What you should do: Leaving out the images, repeat all the lines below exactly.

Supplied material: Begin

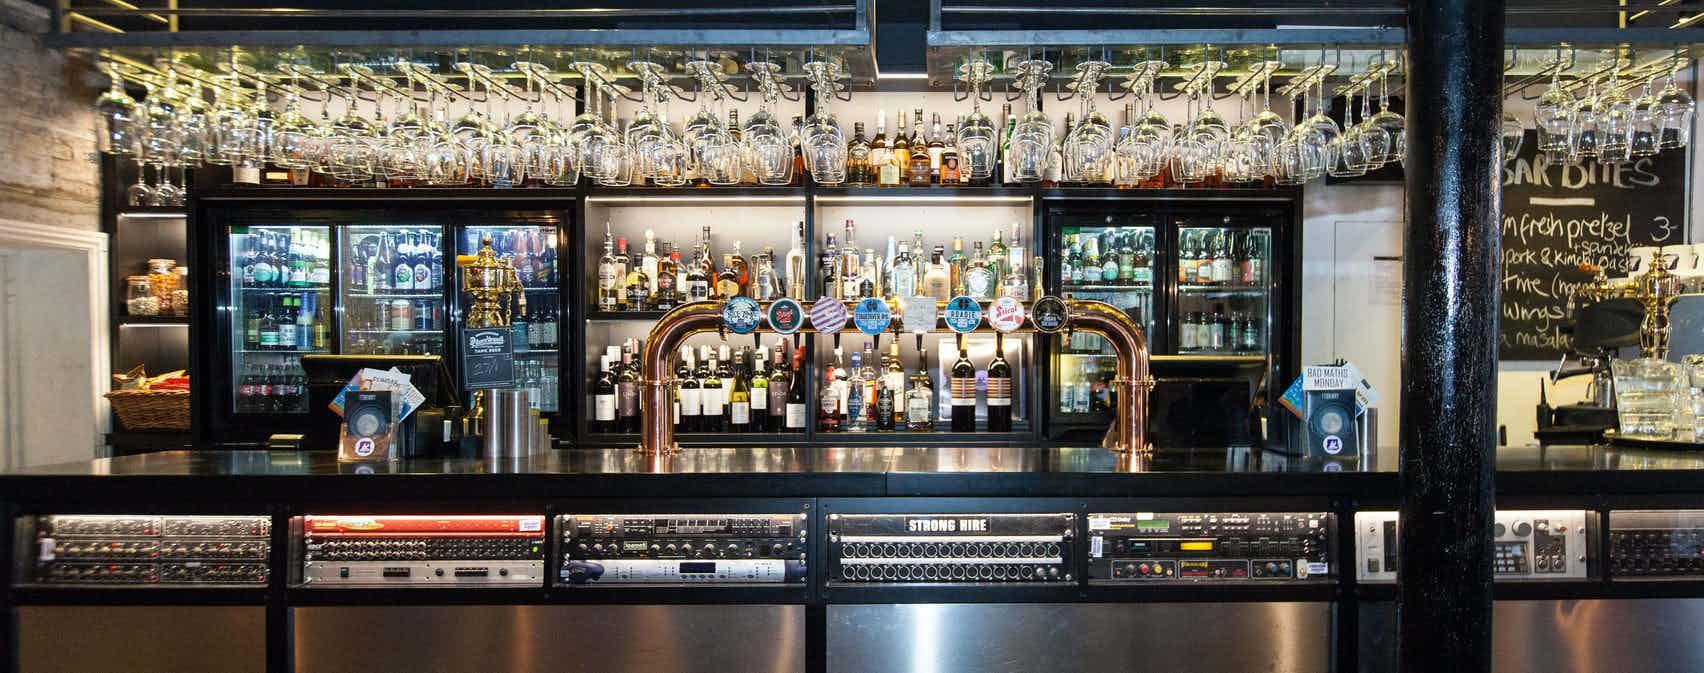 Rivington Street Bar, Strongroom Bar
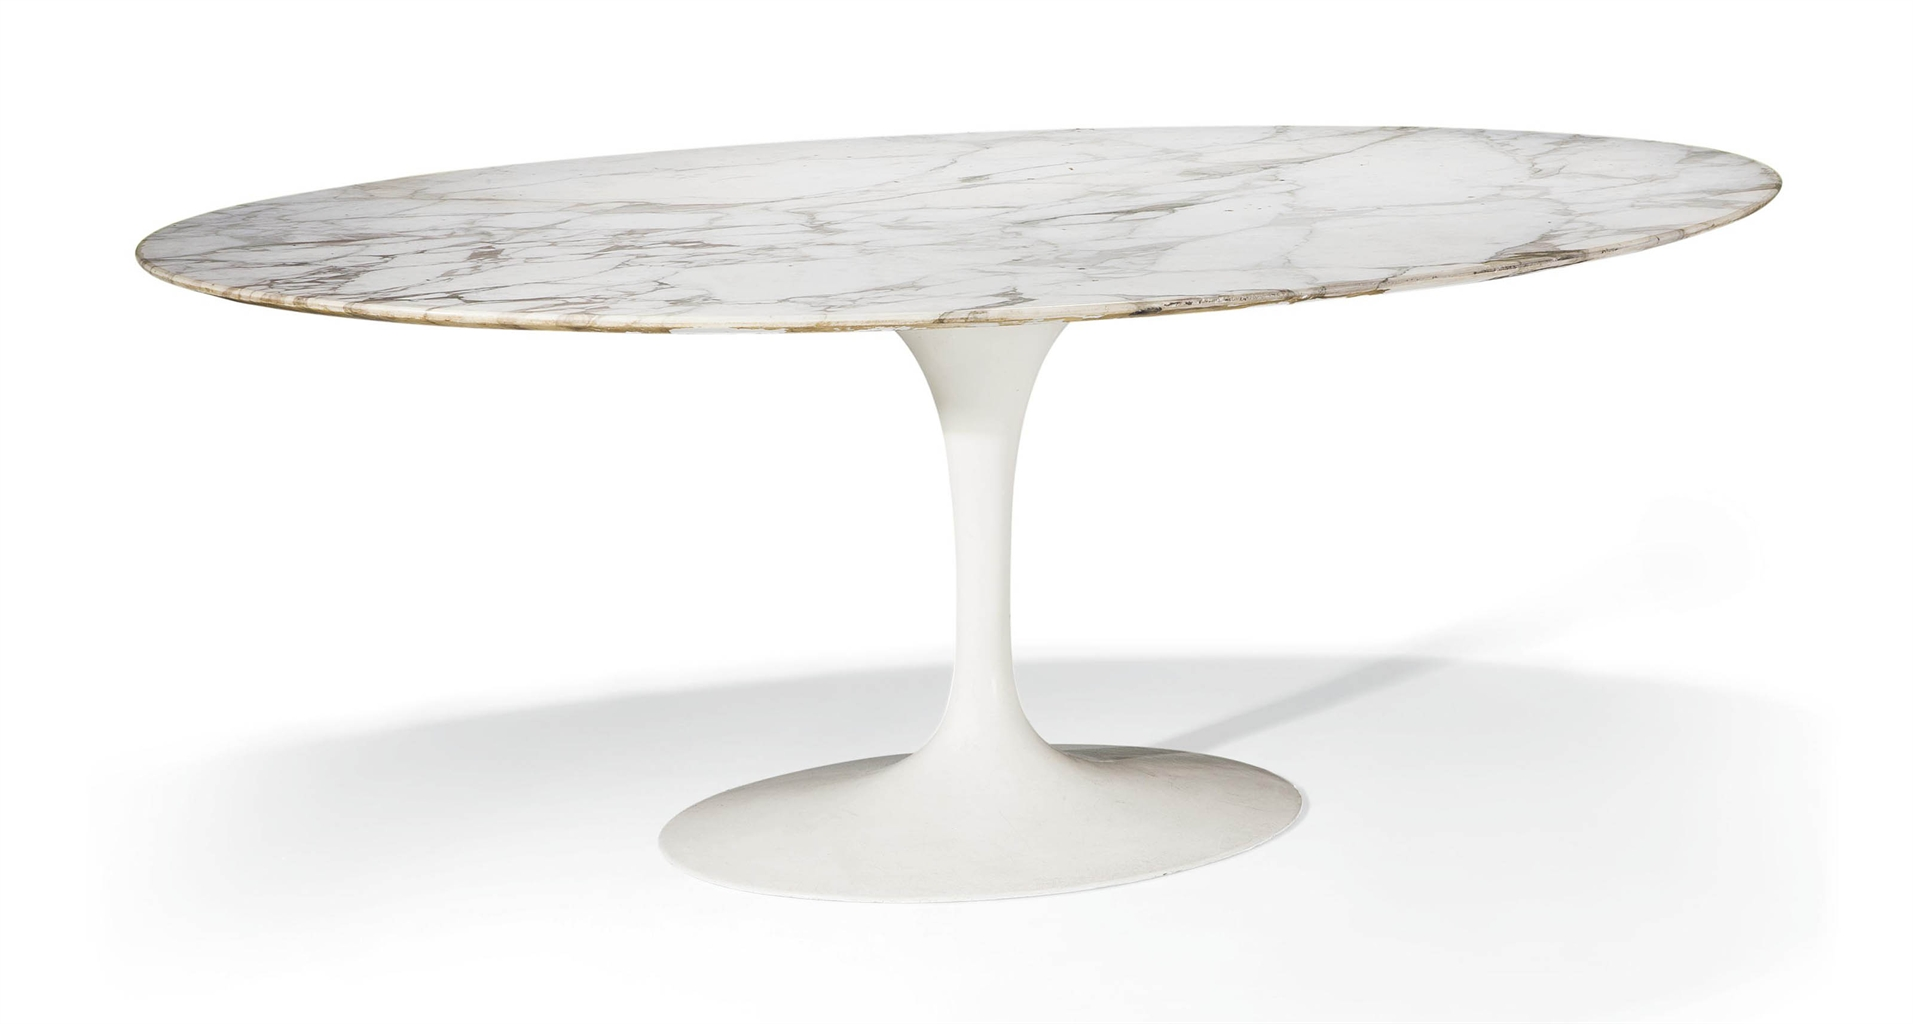 eero saarinen 1910 1961 table de salle manger 39 tulipe 39 le mod le cr en 1956 edition. Black Bedroom Furniture Sets. Home Design Ideas
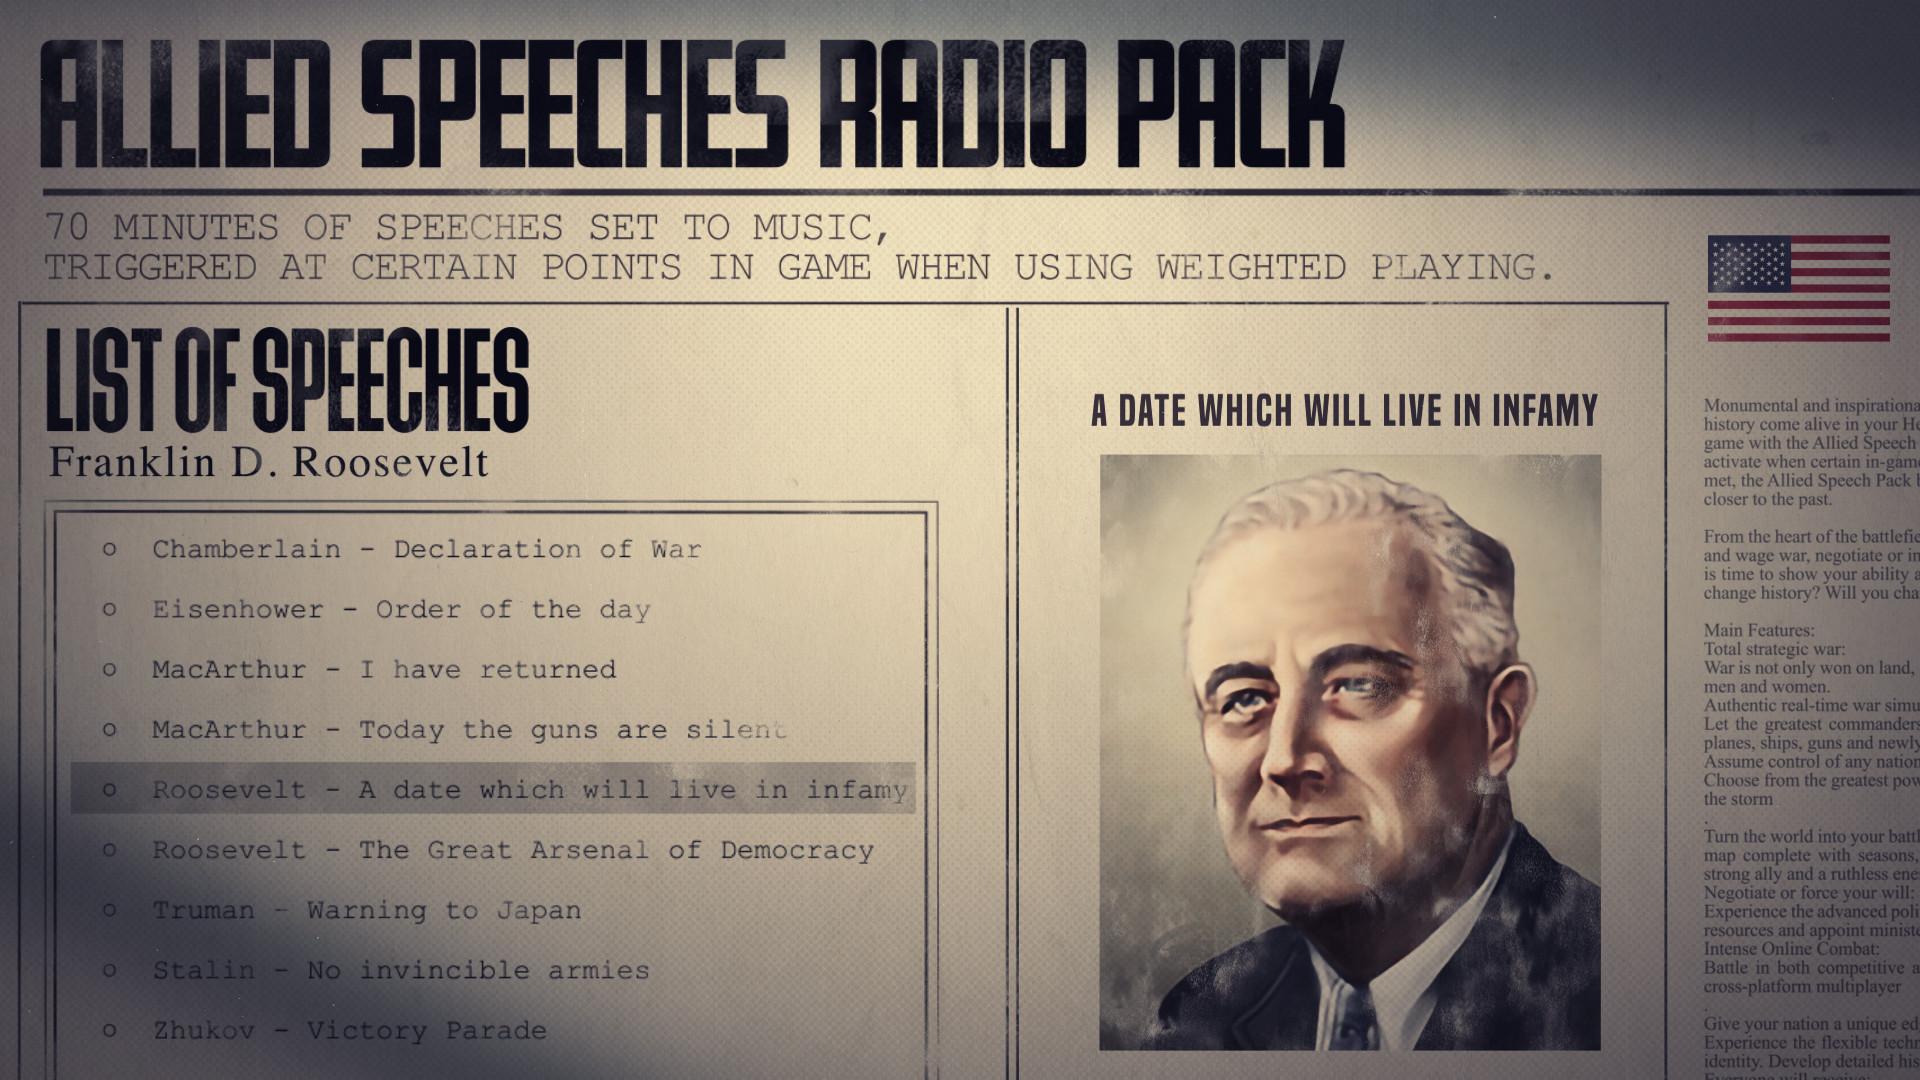 Hearts of Iron IV: Allied Speeches Music Pack Fiyat Karşılaştırma

Supplied material: End

Reply:
 Rivington Street Bar, Strongroom Bar
 eero saarinen 1910 1961 table de salle manger 39 tulipe 39 le mod le cr en 1956 edition. Black Bedroom Furniture Sets. Home Design Ideas
 Hearts of Iron IV: Allied Speeches Music Pack Fiyat Karşılaştırma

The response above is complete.